Who’s “Driving” Your Team?

October 18, 2021

What Are You Doing to “Drive” Your Team to Better Results?

As a leader, one of your tasks is to help your team achieve better results.   Improved outcomes.  More efficiency. 

How can you change your “behavior” and gain these outcomes?  A few simple approaches to how you “drive” your team will get you there. 

Let’s start with a very realistic premise.  You have assigned to them a new task or project and you will need to have updates from them as they navigate this new assignment.  The “old” way is pretty straightforward.  A few simple direct questions or even directives to “bring it home”.  “Are you going to get this completed on time?”  “When will you have it finished”?  “Let’s do it this way instead”?   “This is what we need to do”?  The list could go on and on, but we know for sure this approach doesn’t work and clearly is outdated in today’s environment.

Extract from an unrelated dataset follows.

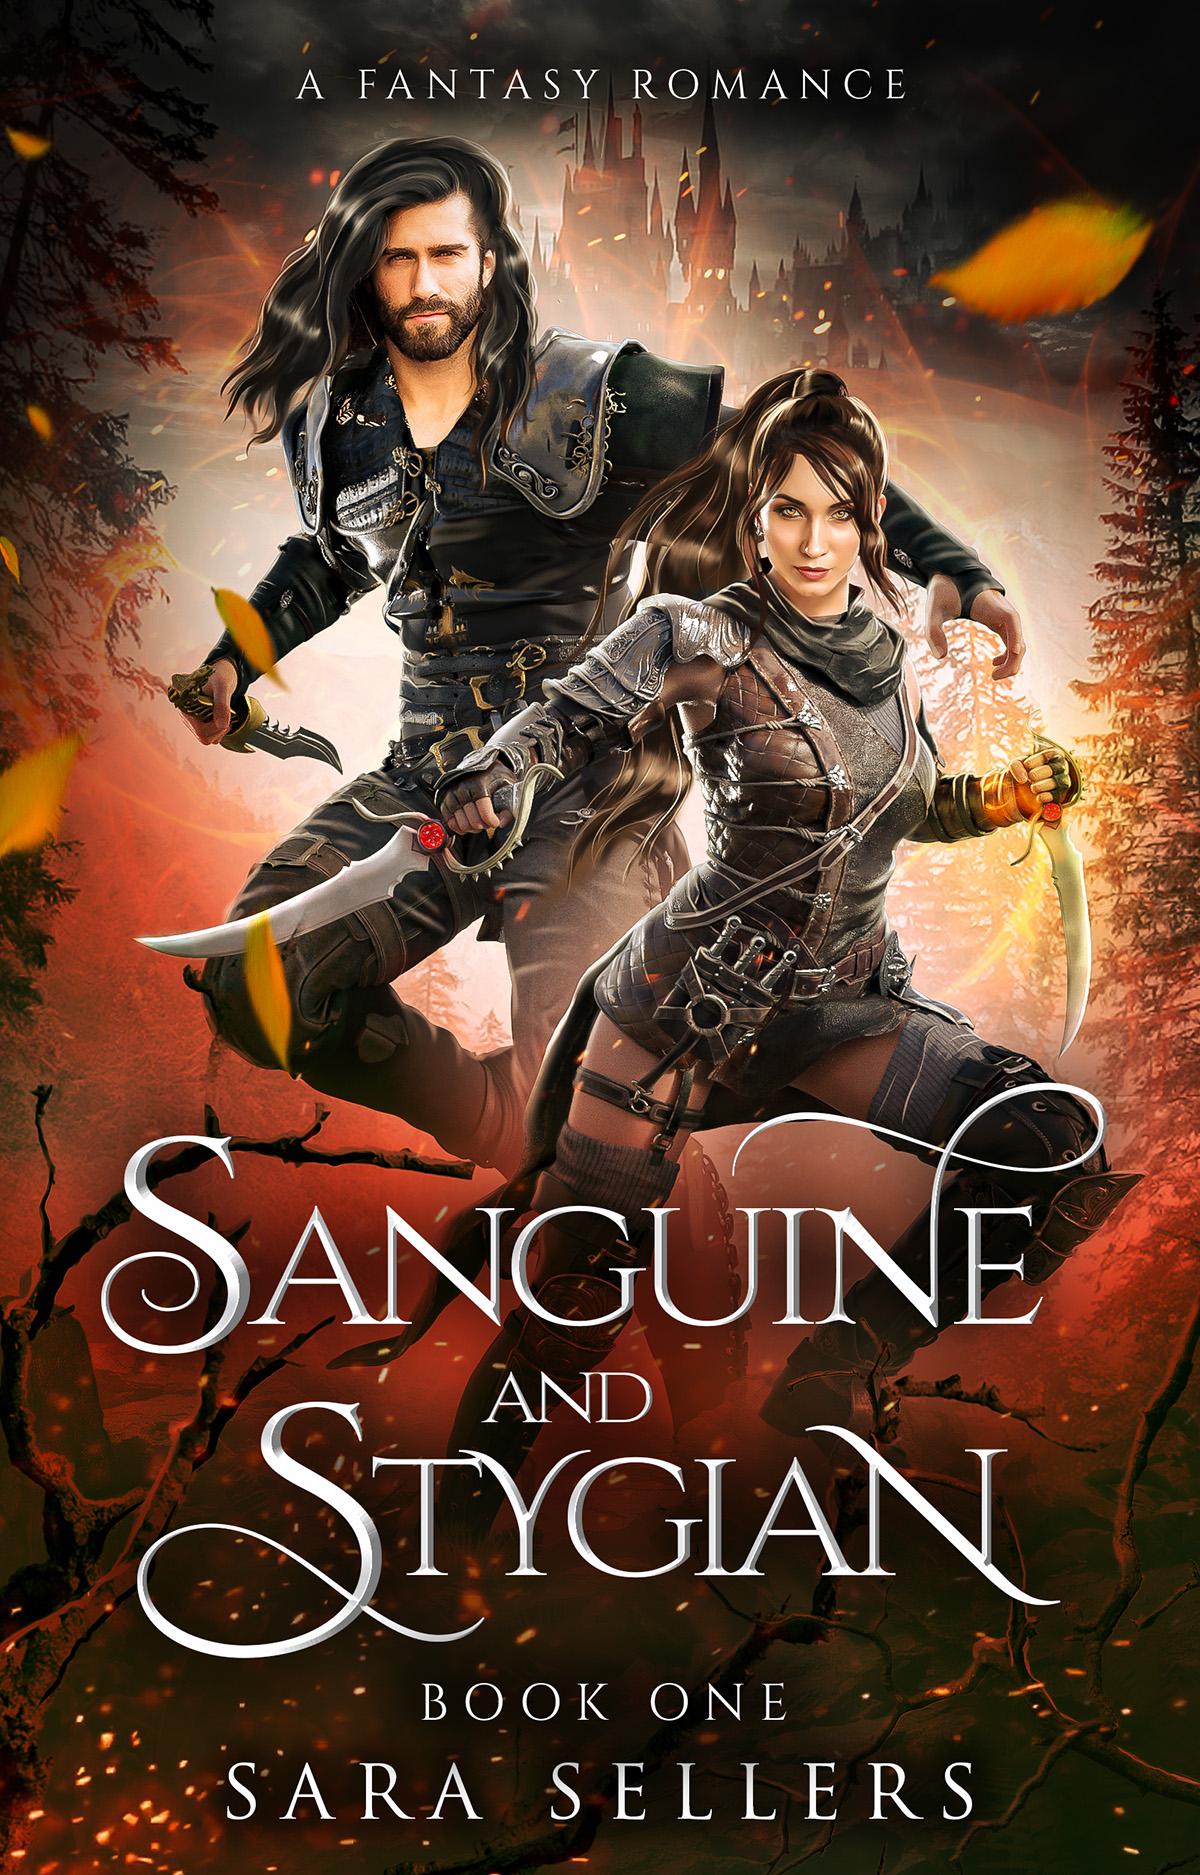 Sanguine and Stygian

When we take this approach, we have shortchanged everyone – the team, yourself, and the organization.  If you always fix the problem they will never learn to “drive”.

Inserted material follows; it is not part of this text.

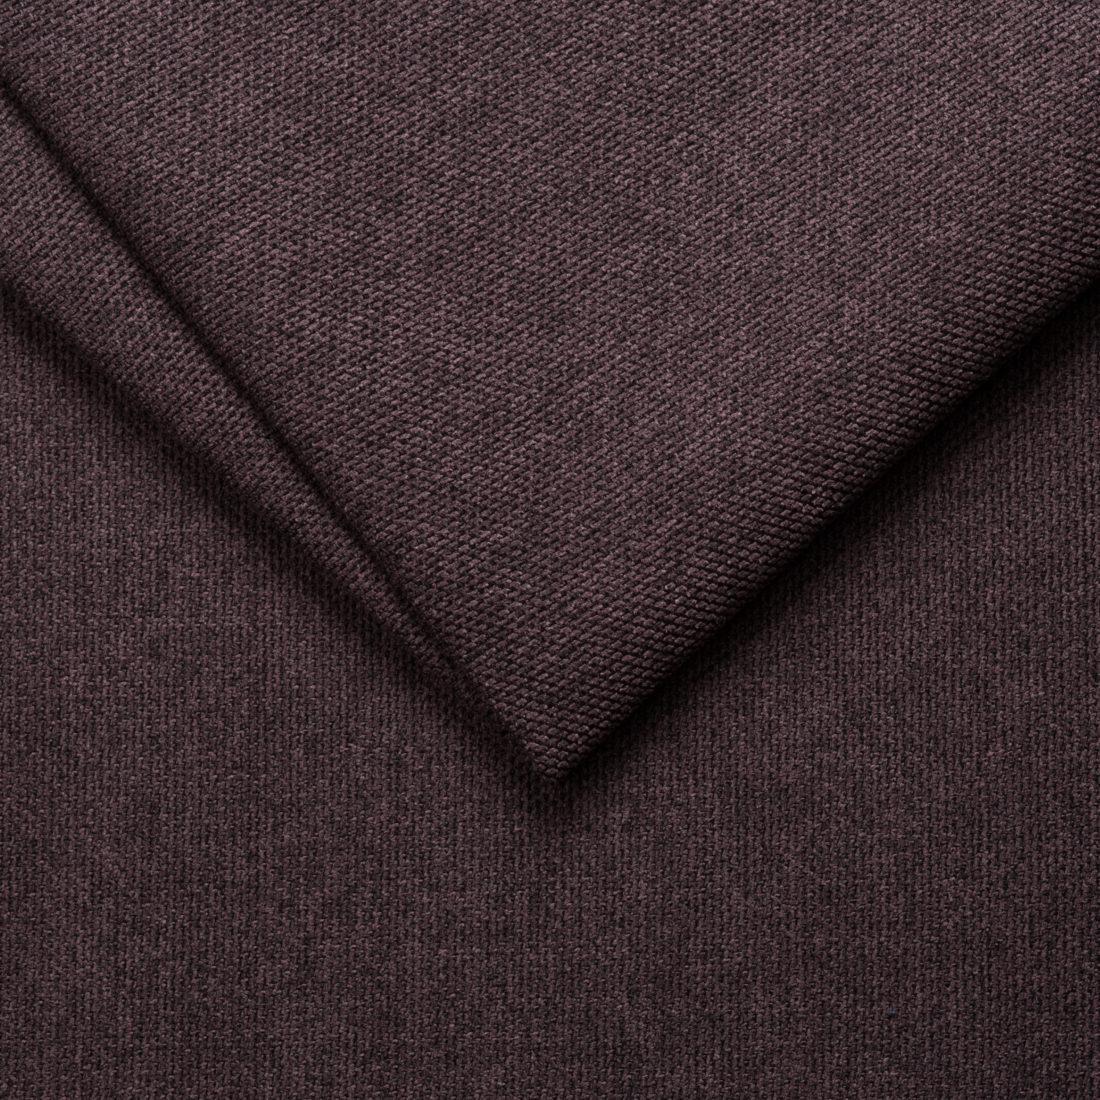 Меблева тканина Austin 7 Aubergine, рогожка

Let’s think about a different way to lead.  When you delegate the task or project give them the authority and appropriate level of autonomy to get it completed “their way”.  Do what you can to foster the culture that you trust them, AND that  you have not abandoned them.

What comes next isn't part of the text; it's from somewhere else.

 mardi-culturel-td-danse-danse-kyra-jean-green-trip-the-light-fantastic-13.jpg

So, when you are getting updates or they come to you with questions, think how you might rephrase things to get better results.  Also, consider the environment.   If you are sitting behind your desk in your office this can be inhibiting or “authoritative” in nature.   Maybe it’s a different room, or perhaps it’s a table in the corner of the office, etc.  Just consider that not only what you say and how you say it matters, but sometimes where you say it makes a difference.

If they come to you with a less than ideal solution, the approach might be:  “Are there any other options we might have to tackle this”.  “What suggestions do you have to overcome this hurdle”? This forces them to rethink what they have done, but it also tells them you (“we”) are there for them.

To check completion status, maybe the approach could be:  “What other resources to you need to get this wrapped up on time”?  or “How can we pull together to help achieve our targeted goal?”

Maybe it’s a way to better tap into their skills and knowledge as Subject Matter Experts.  An option would be:  “Based upon your expertise and experience, do you see a better solution, a more desirable outcome, a more efficient process,” etc.  “Is there anything from your past work/experience that we can utilize now”? 

You might use an open-ended question such as, “Let’s talk about….Tell me….”.  This opens the door for a good dialogue of the situation and isn’t judgmental about where the project stands. 

So now that you have taken your “hands off the wheel” what’s your role?  How about being the “passenger/navigator”?  Take the ride with them and help them navigate the trip.  Once in a while you might be tempted to pull out the “old map” and use it but resist this temptation.  This new approach gives them the opportunity to grow.  The team’s growth is a fundamental responsibility of you as their leader.  It gives them the opportunity to utilize their skills, expertise, experience, and creativity.  This is  a “win-win”. They will be more satisfied with their work life, and they will produce a significantly better result. Everyone involved (the team, you, and the organization) will benefit.